13 février 2013 | Christian Rioux | Europe
Dirigé avec dextérité et souvent avec humour par la ministre de la Justice, Christiane Taubira, le débat sur le mariage gai aura duré plus de 100 heures, réparties en 24 séances, au cours desquelles ont été déposés près de 5000 amendements.
Photo : La Presse canadienne (photo) Remy de la Mauviniere Dirigé avec dextérité et souvent avec humour par la ministre de la Justice, Christiane Taubira, le débat sur le mariage gai aura duré plus de 100 heures, réparties en 24 séances, au cours desquelles ont été déposés près de 5000 amendements.
Paris — Après dix jours de débats houleux et quelques manifestations monstres, l’Assemblée nationale française a adopté en première lecture le projet de loi ouvrant le mariage et l’adoption aux couples d’homosexuels. Le texte controversé débattu depuis des semaines sur la place publique a été approuvé par une majorité de 329 députés contre 229 et dix abstentions.

« Cette loi restera comme une des grandes lois de la République », a déclaré le premier ministre, Jean-Marc Ayrault, qui a fait remarquer que « ce débat a suscité un intérêt exceptionnel de la part des citoyens ». Les opposants ont à nouveau dénoncé une loi qui représente « une étape supplémentaire » dans la création d’un « droit à l’enfant » et qui ouvre la porte à la généralisation de la procréation médicalement assistée et à l’utilisation des mères porteuses, selon les mots du centriste Jean-Christophe Fromentin.


Dirigé avec dextérité et souvent avec humour par la ministre de la Justice, Christiane Taubira, le débat aura duré plus de 100 heures, réparties en 24 séances, au cours desquelles ont été déposés près de 5000 amendements.
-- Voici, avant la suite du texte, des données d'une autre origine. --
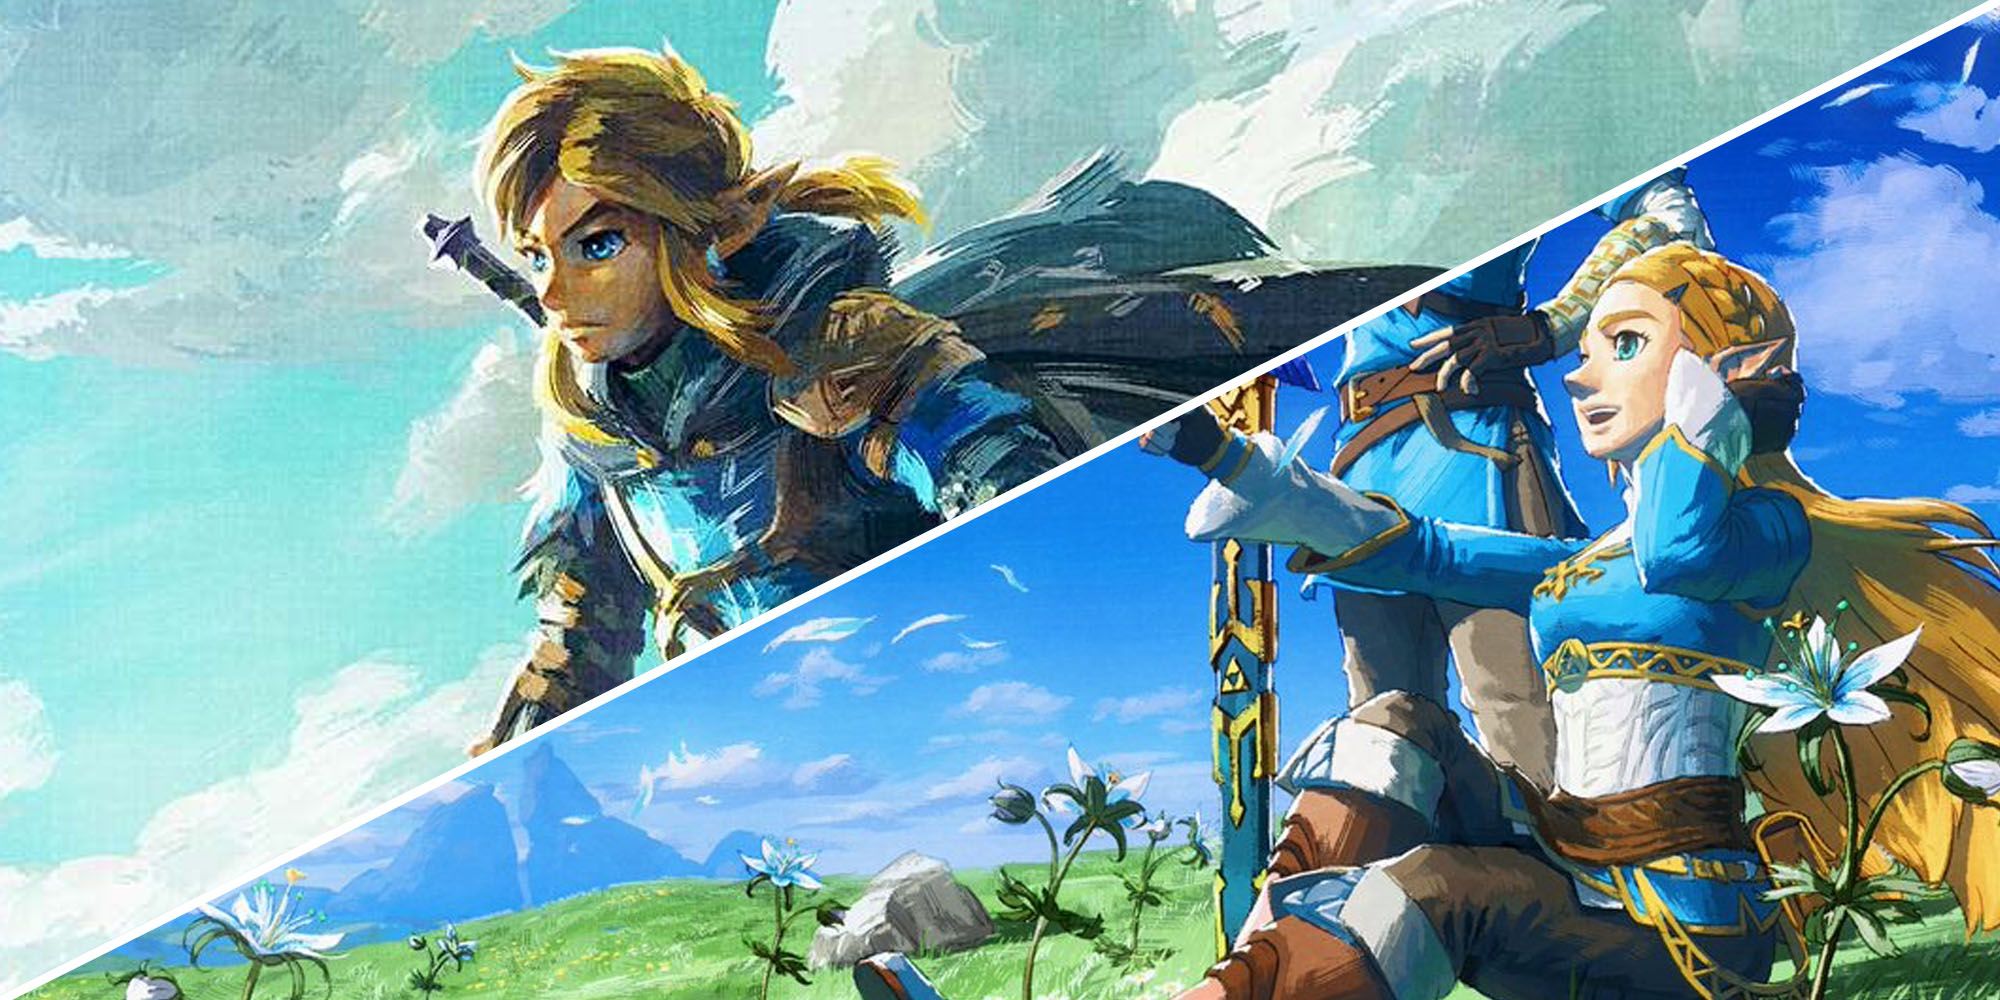 Official artwork of Link and Zelda from Tears of the Kingdom & Breath of the Wild

La réforme promise par François Hollande en campagne électorale a donc franchi la première et principale étape du débat parlementaire même si le texte doit encore subir l’épreuve du Sénat à partir du 2 avril.

 

La procréation assistée reportée


Selon tous les sondages, le mariage entre homosexuels est approuvé par une majorité de Français. Ce qui n’est pas le cas de l’adoption et surtout de l’ouverture de la procréation médicalement assistée (PMA) aux couples de lesbiennes. Le débat à l’Assemblée comme dans les médias s’est souvent concentré sur ces derniers sujets.
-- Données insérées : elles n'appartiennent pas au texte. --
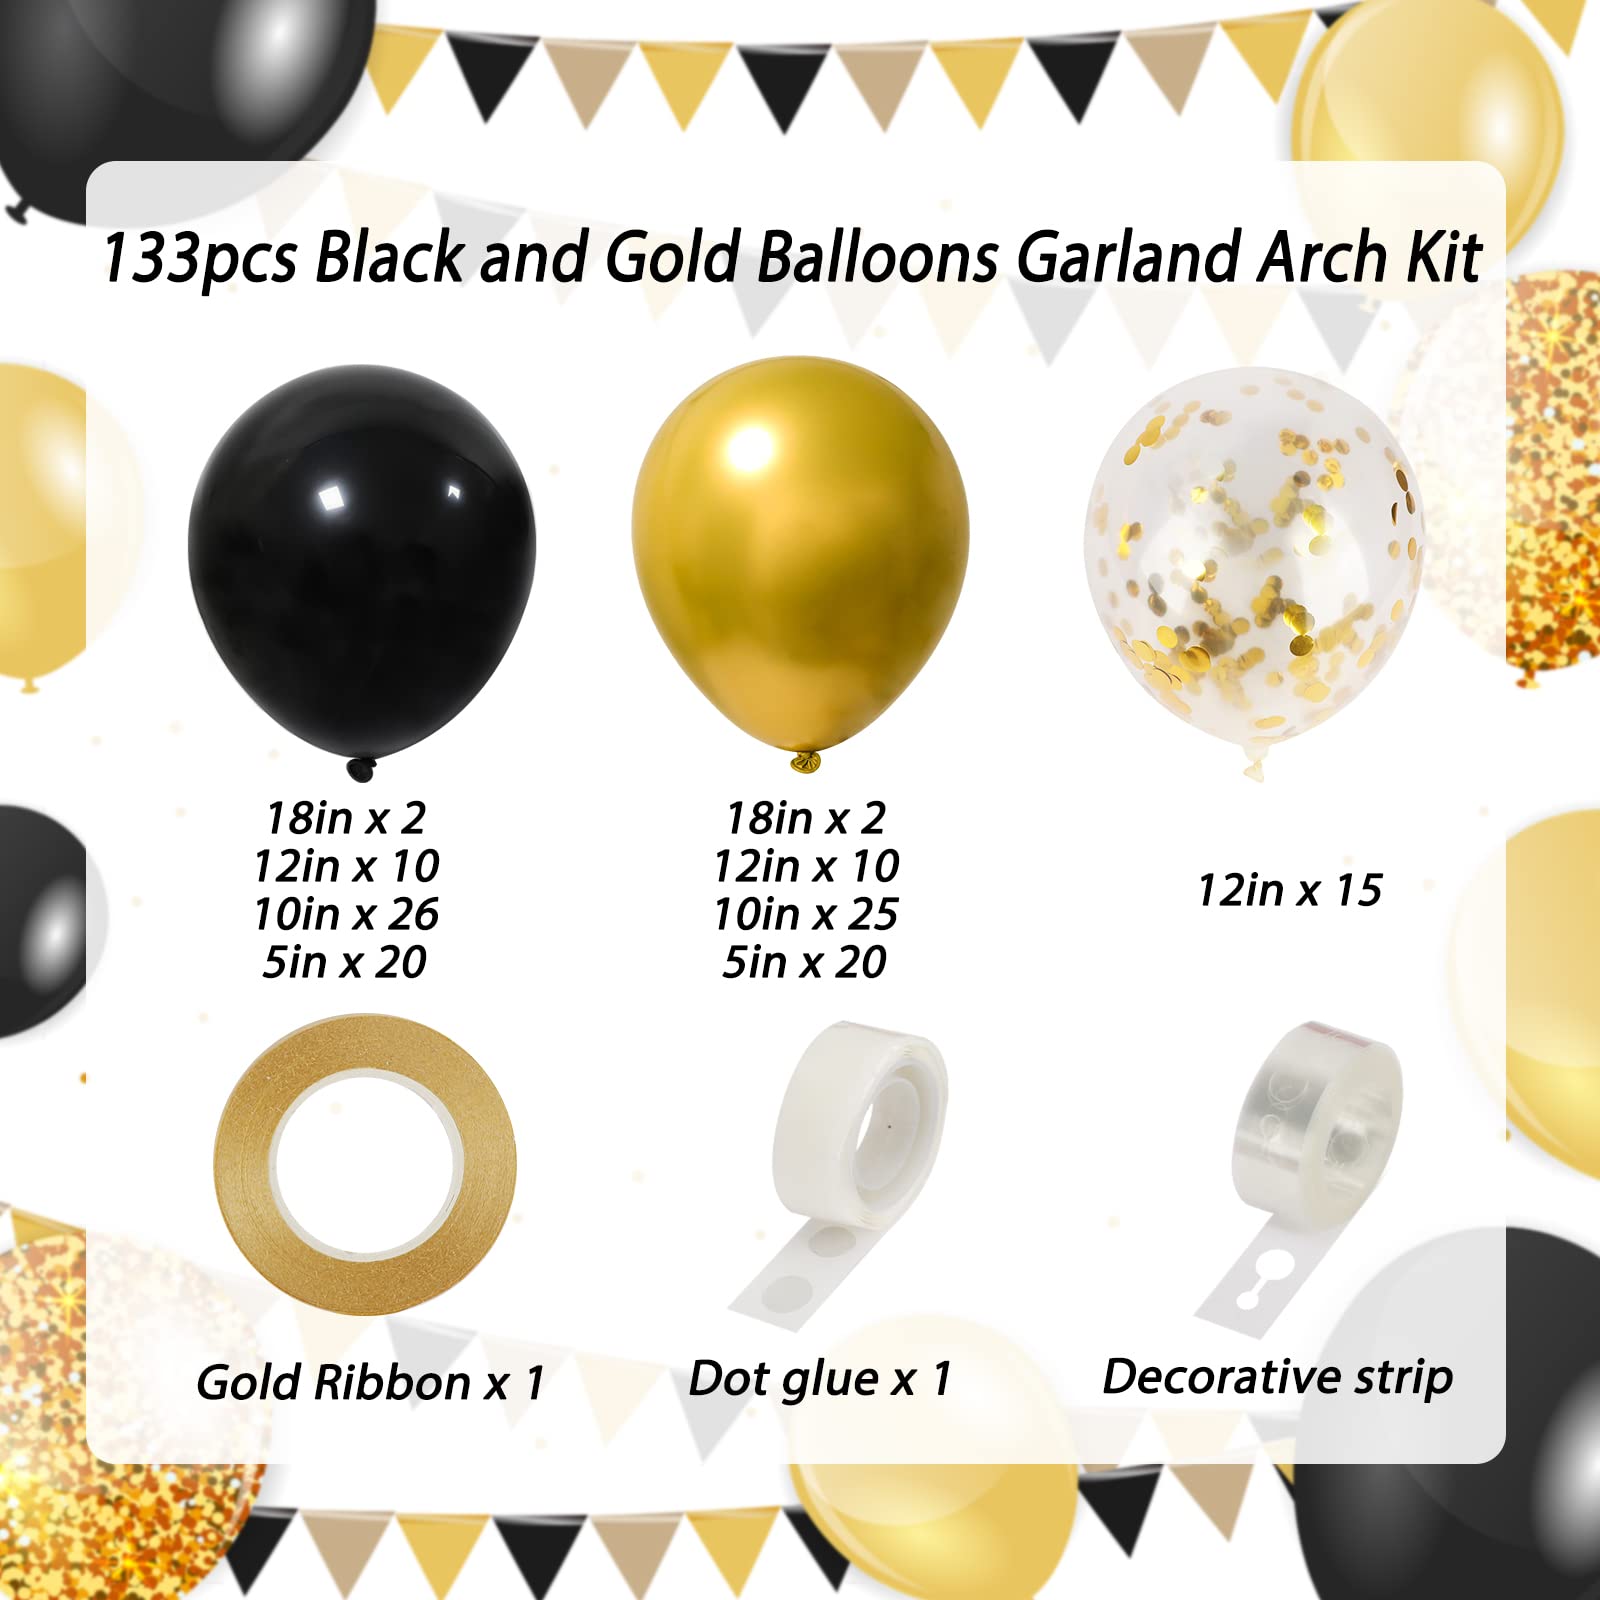 Black and gold balloon arch kit contents

Malgré la volonté de nombreux députés socialistes, la PMA a finalement été exclue du texte. La ministre de la Famille, Dominique Bertinotti, s’est alors engagée devant l’Assemblée nationale à en faire l’examen dès le printemps. Mais, devant l’ampleur de la polémique, le premier ministre a remis le tout à l’automne.
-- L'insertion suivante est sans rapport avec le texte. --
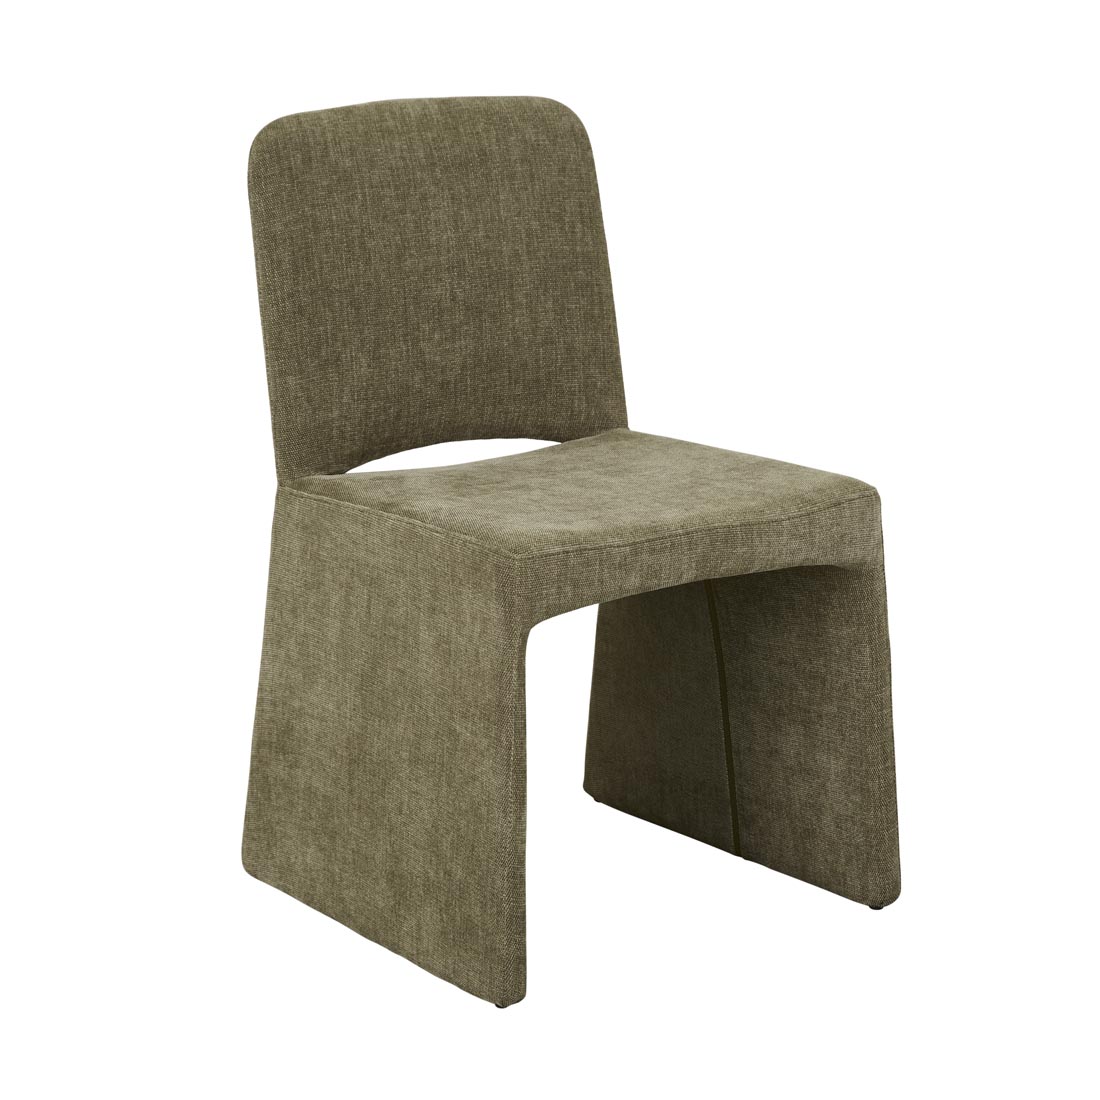 Clare Dining Chair image 21

Une pétition contre le mariage gai signée par plus d’un demi-million d’opposants sera déposée cette semaine au Conseil économique et social. Pour la première fois depuis l’instauration d’un tel recours, en 2008, le Conseil devrait donc être tenu d’examiner les arguments des opposants et d’en faire rapport au Parlement et au premier ministre. L’UMP a annoncé qu’une fois le texte voté par les deux chambres, elle ferait appel au Conseil constitutionnel.